Correction: Extrapolation of the rainflow-counted load ranges for fatigue assessment of the wind turbine’s blades

Wind turbine design standards recommend the use of statistical modeling coupled with extrapolation of the short-term load data to long-term periods for fatigue reliability assessment. However, statistical error and computational expense can limit the accuracy of such approaches. In the case of wind turbine blades, the errors are more significant because of the high material fatigue exponent that makes the damage estimations more sensitive to variations. In addition, due to different excitation sources, the flapwise load range histogram is not unimodal, and thus its statistical modeling is complex.
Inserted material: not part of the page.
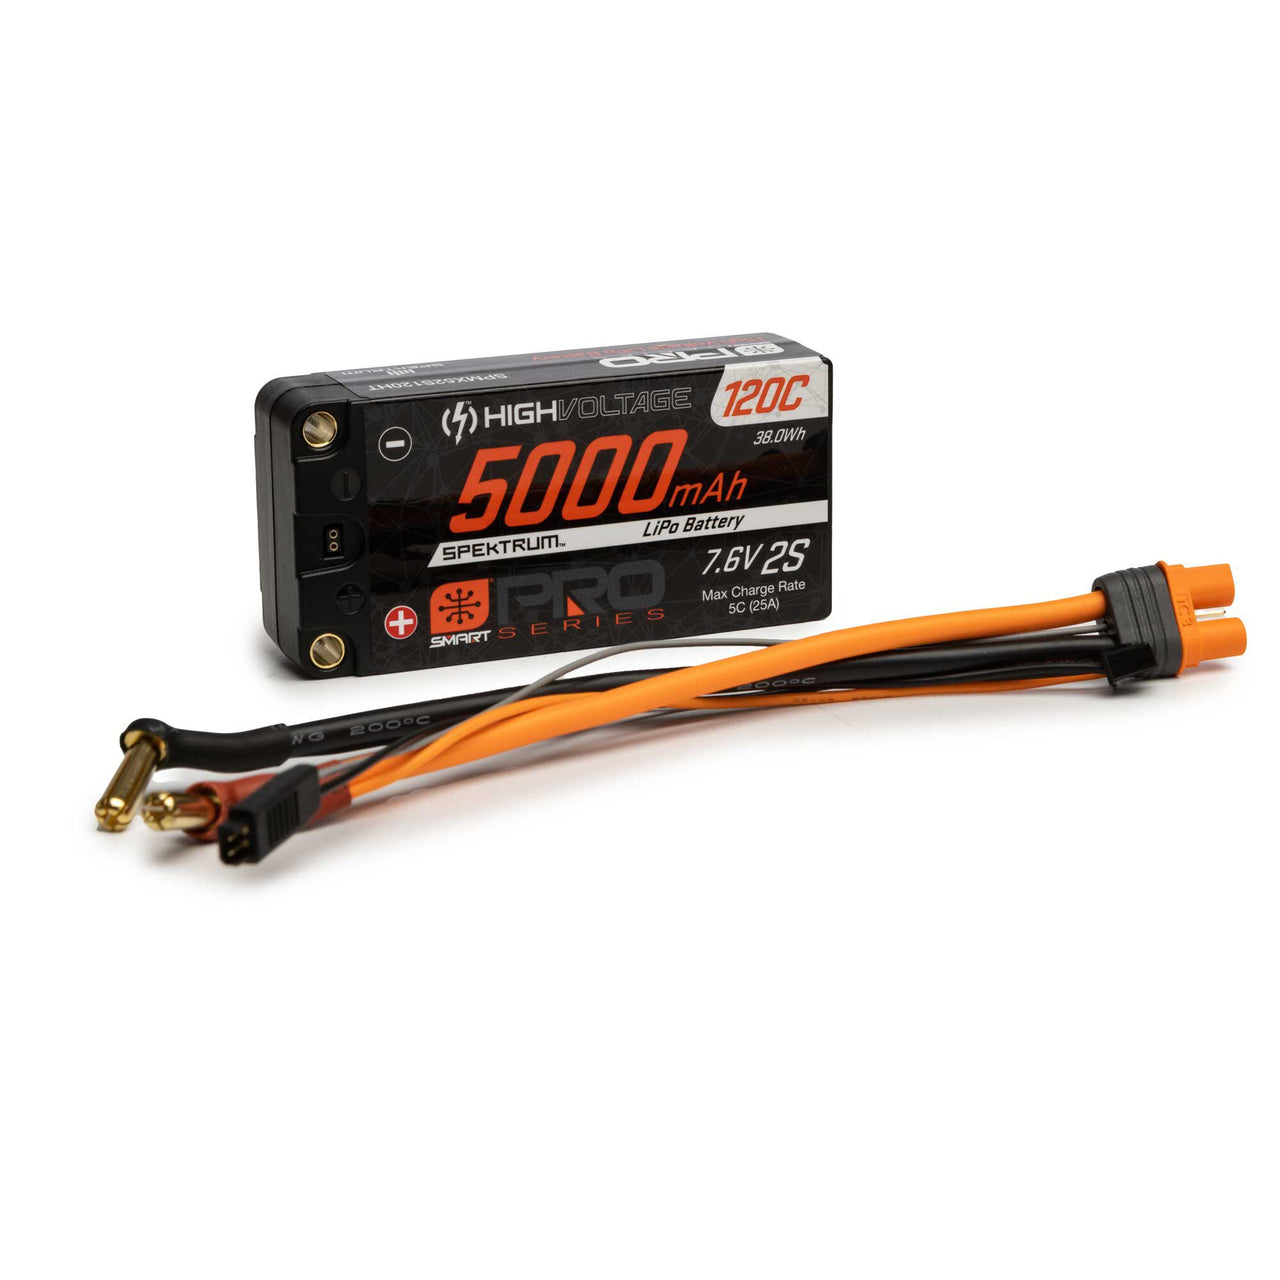 SPMX52S120HT 7,6 V 5000 mAh 2S 120C Smart Pro Race Shorty Hardcase LiHV Batterie : tubes, 5 mm

In the present work, we provide three methods for statistical modeling of the flapwise bending moment ranges including a novel approach based on frequency-based separation of the modes. The first two methods are simplified approaches for modeling the most crucial load ranges using unimodal distributions and the third method involves multimodal distribution fitting. The research is based on 3600 10-minute aeroelastic simulations of DTU 10MW case study wind turbine from which a benchmark damage equivalent load (DEL) is calculated. The DEL calculated by each of the three proposed methods is compared to this reference. The results show that the conventional approach based on using 6 seeds as well as using mixture models fitted on the limited data lead to under-conservative results with errors up to 23%. On the other hand, the simplified unimodal approaches provided in this work can provide conservative estimations of the fatigue damage with mean values 5% and 12% higher than the benchmark. However, the variability of the DEL estimates is higher when using unimodal extrapolation of the load ranges, and the data can be conservative by 17.5%. The proposed unimodal fits suggested for modeling and extrapolation of the blade’s load ranges provide less errors relatively and most importantly conservative DEL estimations while maintaining computational efficiency.